Table 1 presents data for the distribution of number of conditions present in each participant by BMI category for men and women. The overall prevalence of multimorbidity, defined as two or more morbidities, was 27.1% in men and 33.3% in women. The prevalence of multimorbidity increased with BMI category in both genders. The prevalence of multimorbidity in normal weight men was 23.1%, increasing to 27.2% in overweight, 32.7% in obesity category I, 38.0% in obesity category II and 43.8% in obesity category III. In women, the prevalence of multimorbidity in normal weight patients was 27.6%, rising to 34.2% in overweight, 40.5% in obesity category I, 44.8% in obesity category II and 51.2% in obesity category III. The most prevalent single conditions in males and females were depression, back pain and other joint problems. The prevalence of individual conditions was generally associated with BMI category; women had higher rates of disease than men in several disease categories.
Table 1.
Number of conditions | Underweight (4735) | Normal weight (152 869) | Overweight (243 251) | Obese category I (108 223) | Obese category II (31 065) | Obese category III (12 548) | |
---|---|---|---|---|---|---|---|
No conditions | Men | 1894 (40.0) | 60 212 (39.4) | 86 477 (35.6) | 33 619 (31.1) | 8809 (28.4) | 3191 (25.4) |
Women | 5712 (36.6) | 94 032 (37.3) | 63 945 (30.2) | 28 328 (26.0) | 11 296 (23.9) | 5716 (21.2) | |
One condition | Men | 1498 (31.6) | 49 965 (32.7) | 79 247 (32.6) | 34 687 (32.1) | 9420 (30.3) | 3749 (29.9) |
Women | 4957 (31.7) | 82 795 (32.8) | 68 177 (32.2) | 33 267 (30.5) | 13 764 (29.1) | 7287 (27.0) | |
Two conditions | Men | 830 (17.5) | 26 915 (17.6) | 46 991 (19.3) | 22 749 (21.0) | 6918 (22.3) | 2875 (22.9) |
Women | 3153 (20.2) | 47 643 (18.9) | 46 346 (21.9) | 25 945 (23.8) | 11 490 (24.3) | 6942 (25.7) | |
Three conditions | Men | 380 (8.0) | 10 986 (7.2) | 20 939 (8.6) | 11 270 (10.4) | 3673 (11.8) | 1492 (11.9) |
Women | 1296 (8.3) | 20 167 (8.0) | 2248 (10.8) | 13 768 (12.6) | 6829 (14.5) | 4183 (15.5) | |
Four conditions | Men | 96 (2.0) | 3595 (2.4) | 7161 (2.9) | 4160 (3.8) | 1622 (5.2) | 855 (6.8) |
Women | 391 (2.5) | 6005 (2.4) | 7826 (3.7) | 5654 (5.2) | 2766 (5.9) | 1998 (7.4) | |
Five or more conditions | Men | 37 (0.8) | 1196 (0.8) | 2436 (1.0) | 1739 (1.6) | 623 (2.0) | 386 (3.1) |
Women | 117 (0.7) | 1664 (0.7) | 2359 (1.1) | 2191 (2.0) | 1108 (2.3) | 861 (3.2) |
Figures are frequencies (column percents). Units of analysis are person–years of observation.
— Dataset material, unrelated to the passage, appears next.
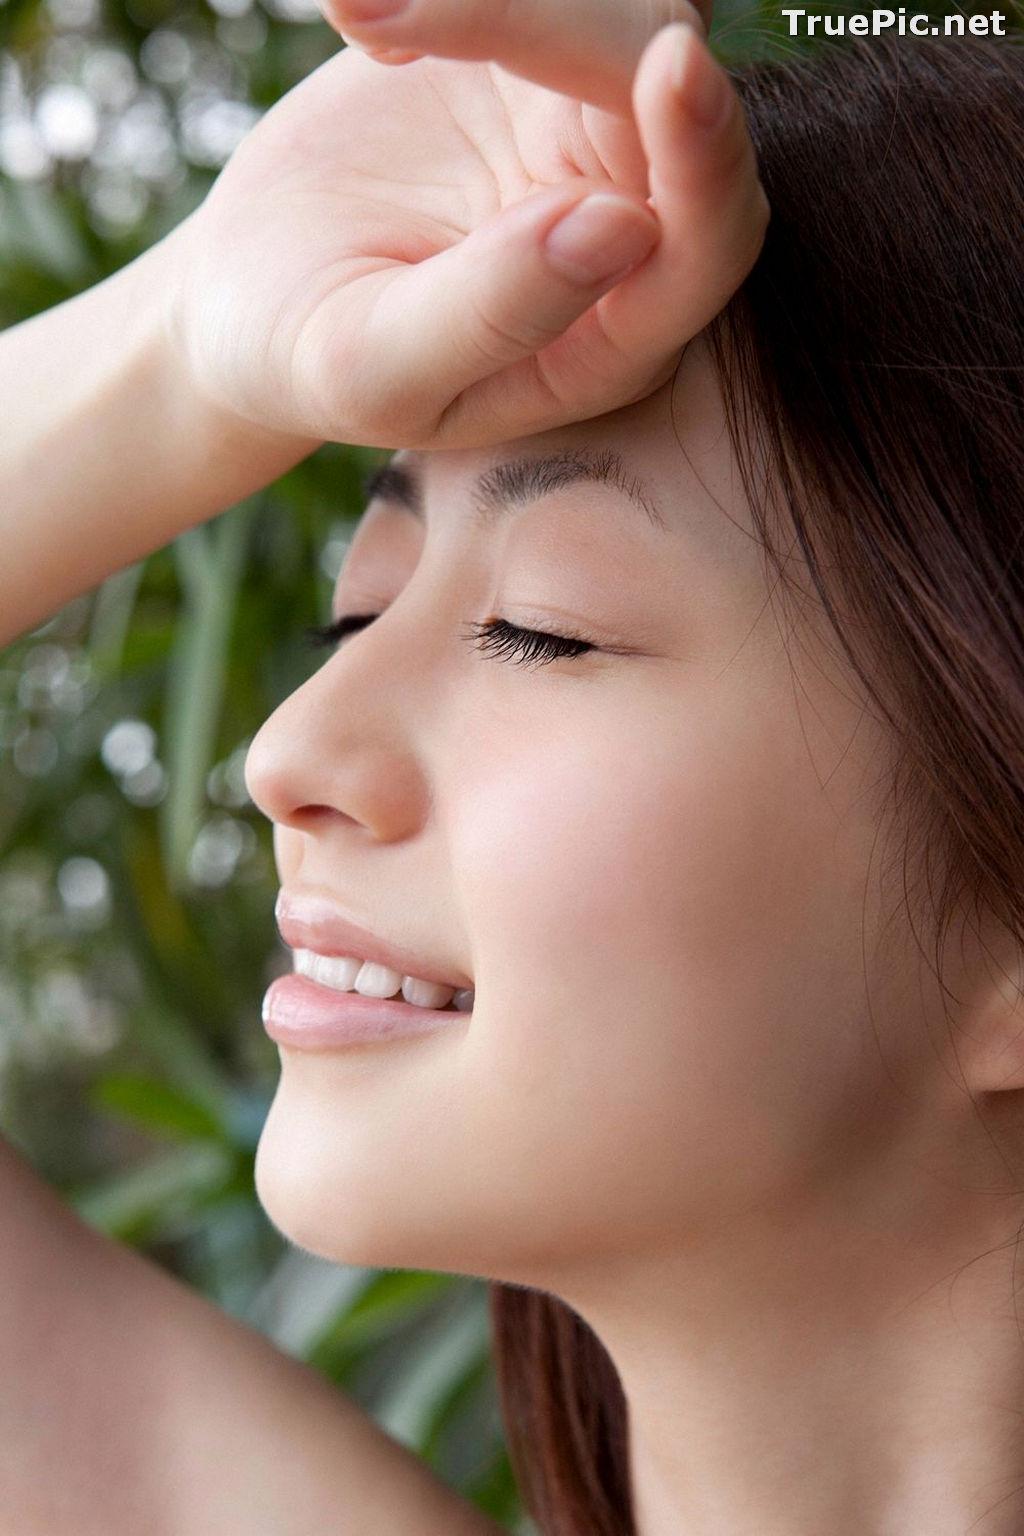 Image YS Web Vol.497 - Japanese Actress and Gravure Idol - Rina Aizawa - TruePic.net - Picture-6

The prevalence of multimorbidity increased with age in each BMI category (Fig. 1). There was a slight decline in the prevalence of multimorbidity in men aged ≥85 with category II obesity and at ages 75–84 with category III obesity. Similar declines were not observed in women. In each age group, the prevalence of multimorbidity increased with BMI category. In underweight women aged 45–54, and men aged 45–64, the prevalence of multimorbidity was higher than that in persons of normal weight of the same age. The PAF for multimorbidity was estimated to be 19% for obesity alone, and 32% for overweight and obesity combined.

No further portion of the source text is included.